[Instructions to follow]:
Please write out the listing exactly, leaving each picture out.
*** Opening of Supplied information ***
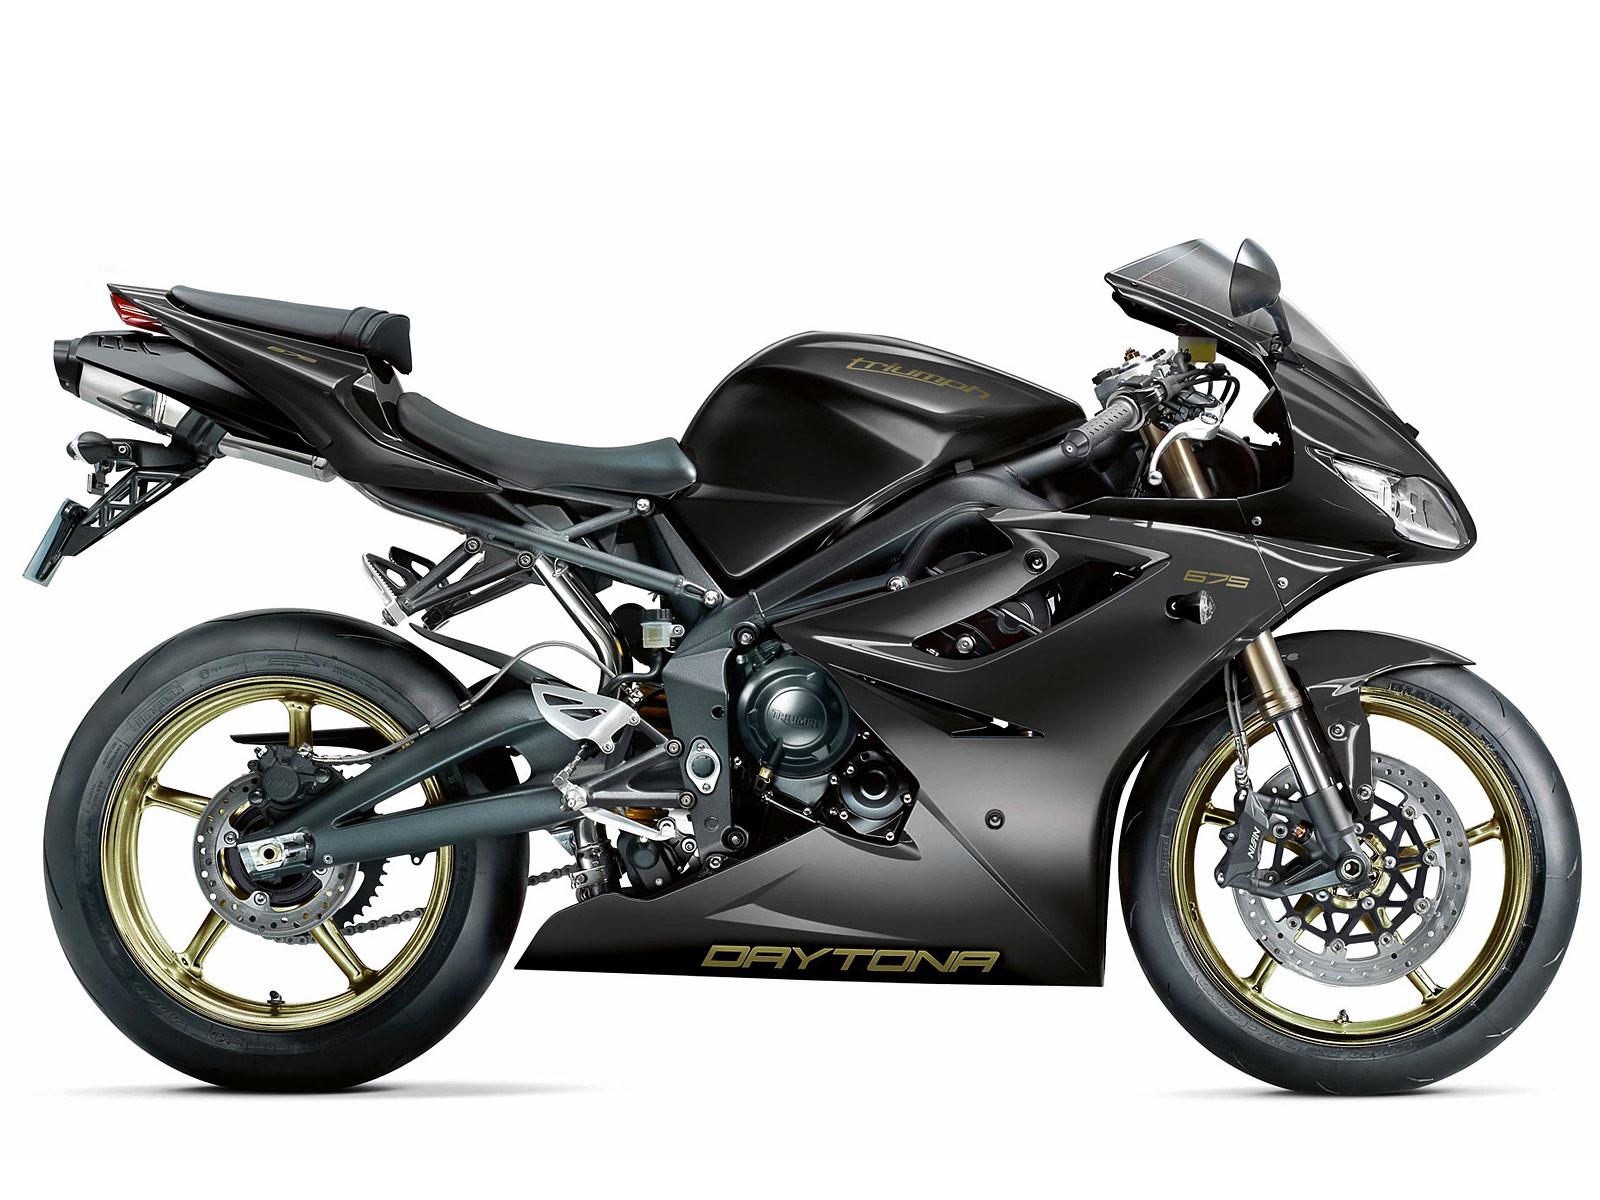 2012 Triumph Daytona 675 Motorcycle Pictures
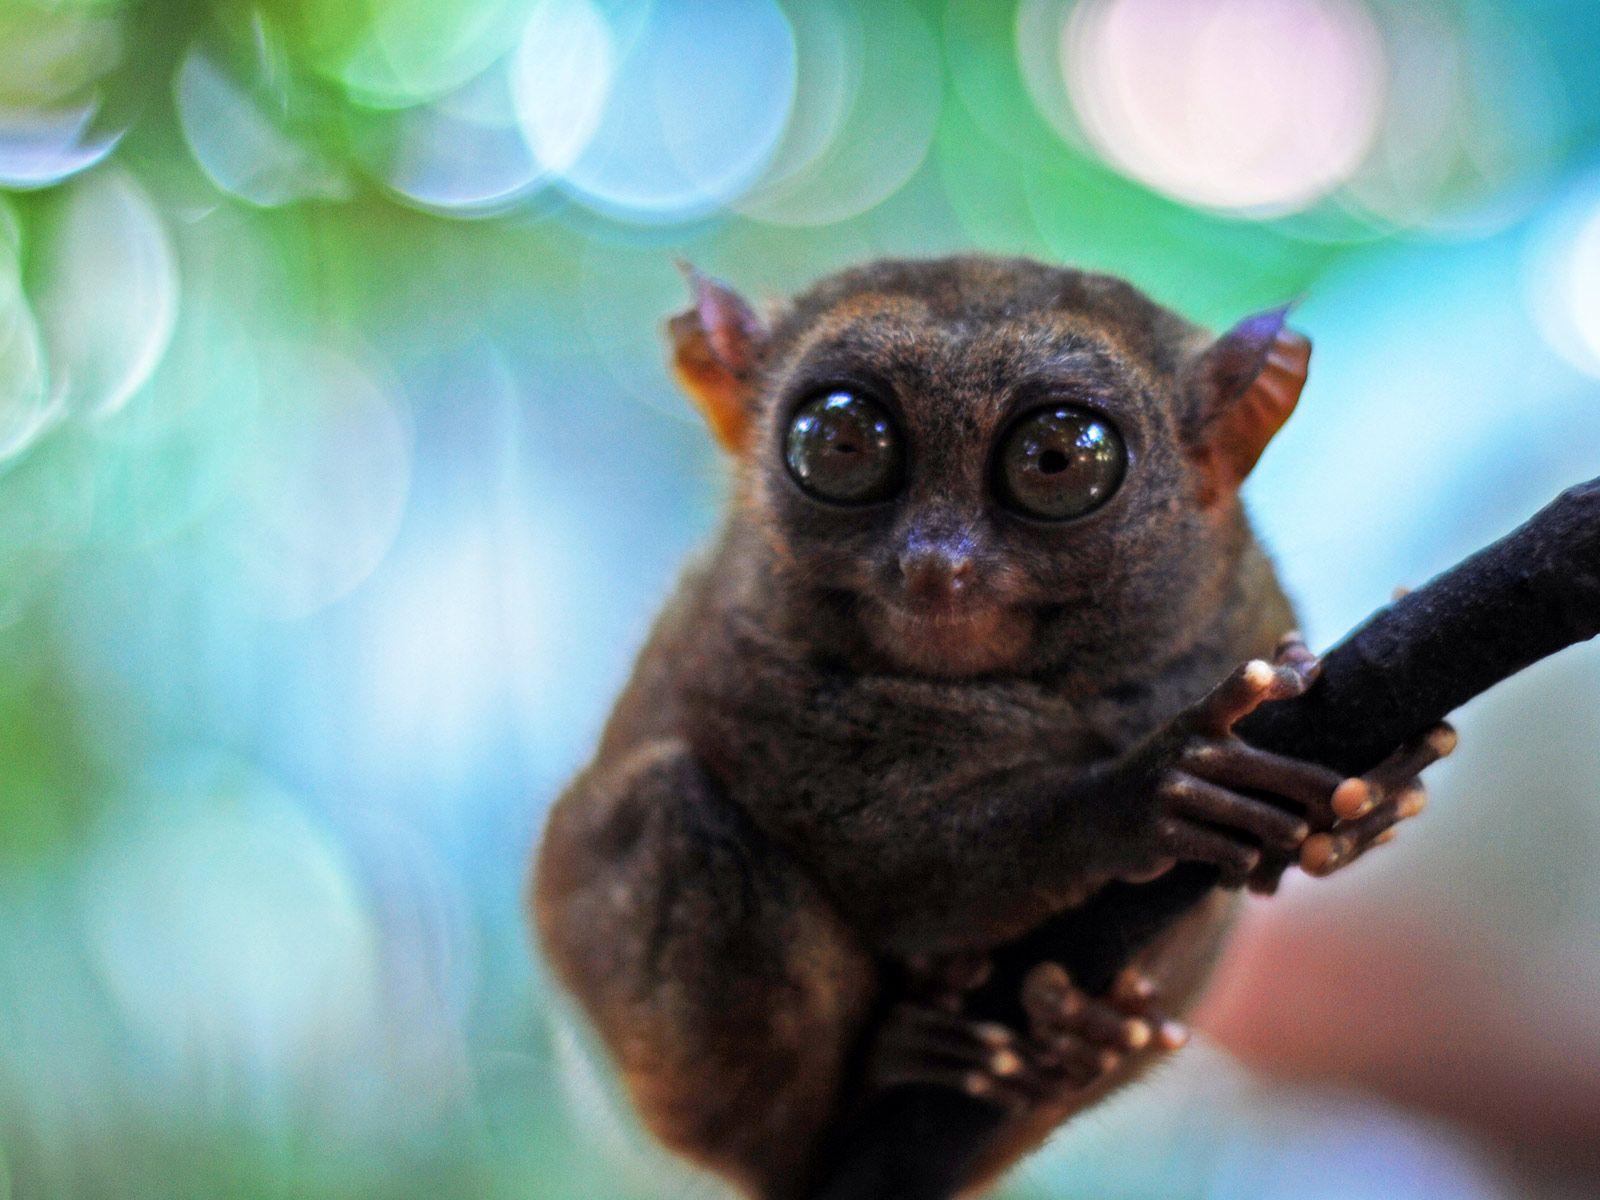 Cute Little Philippine Tarsier Monkey
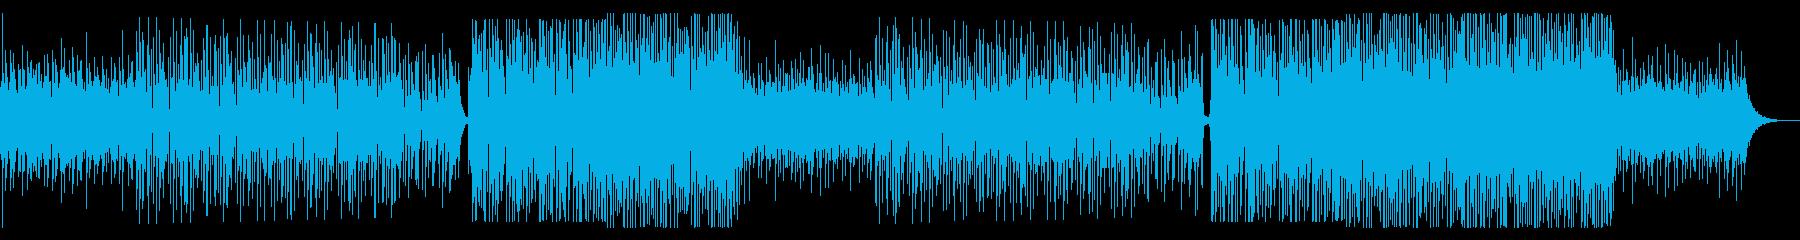 Ala Moana ExVoの再生済みの波形
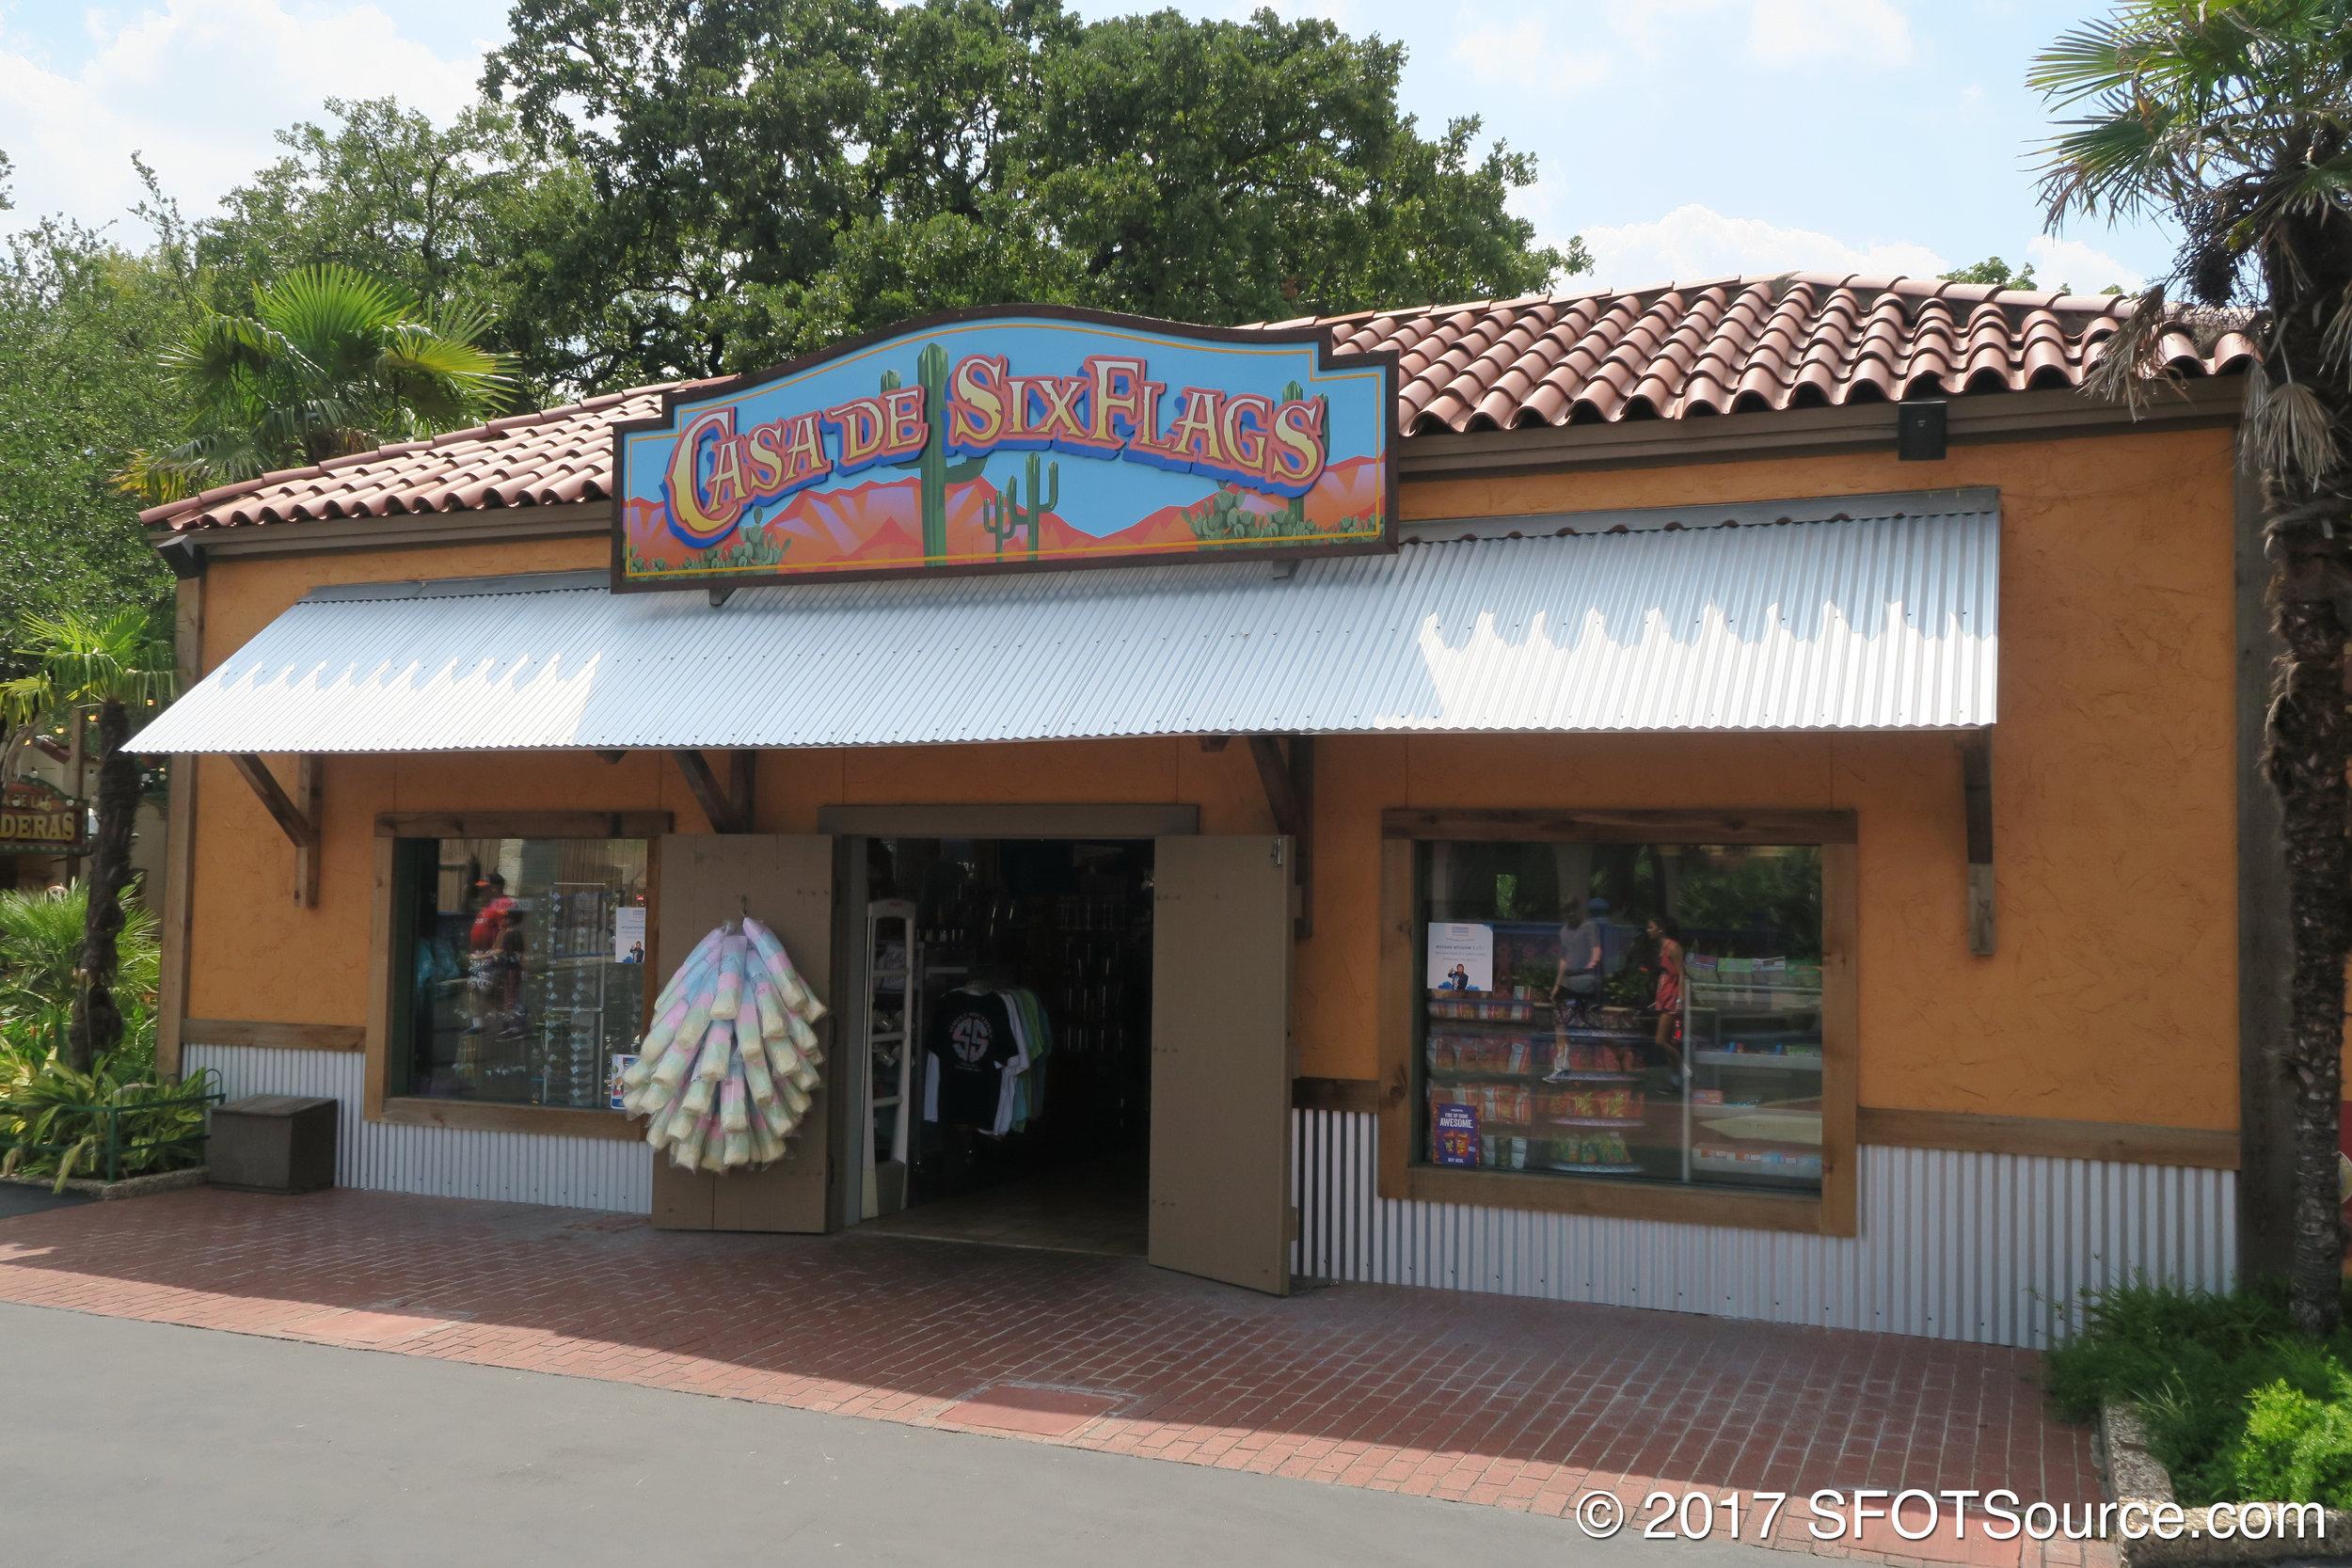 The main entrance to Casa de Six Flags.
*** Close of Supplied information ***
[Solved exercise]:
 2012 Triumph Daytona 675 Motorcycle Pictures
 Cute Little Philippine Tarsier Monkey
 Ala Moana ExVoの再生済みの波形
 The main entrance to Casa de Six Flags.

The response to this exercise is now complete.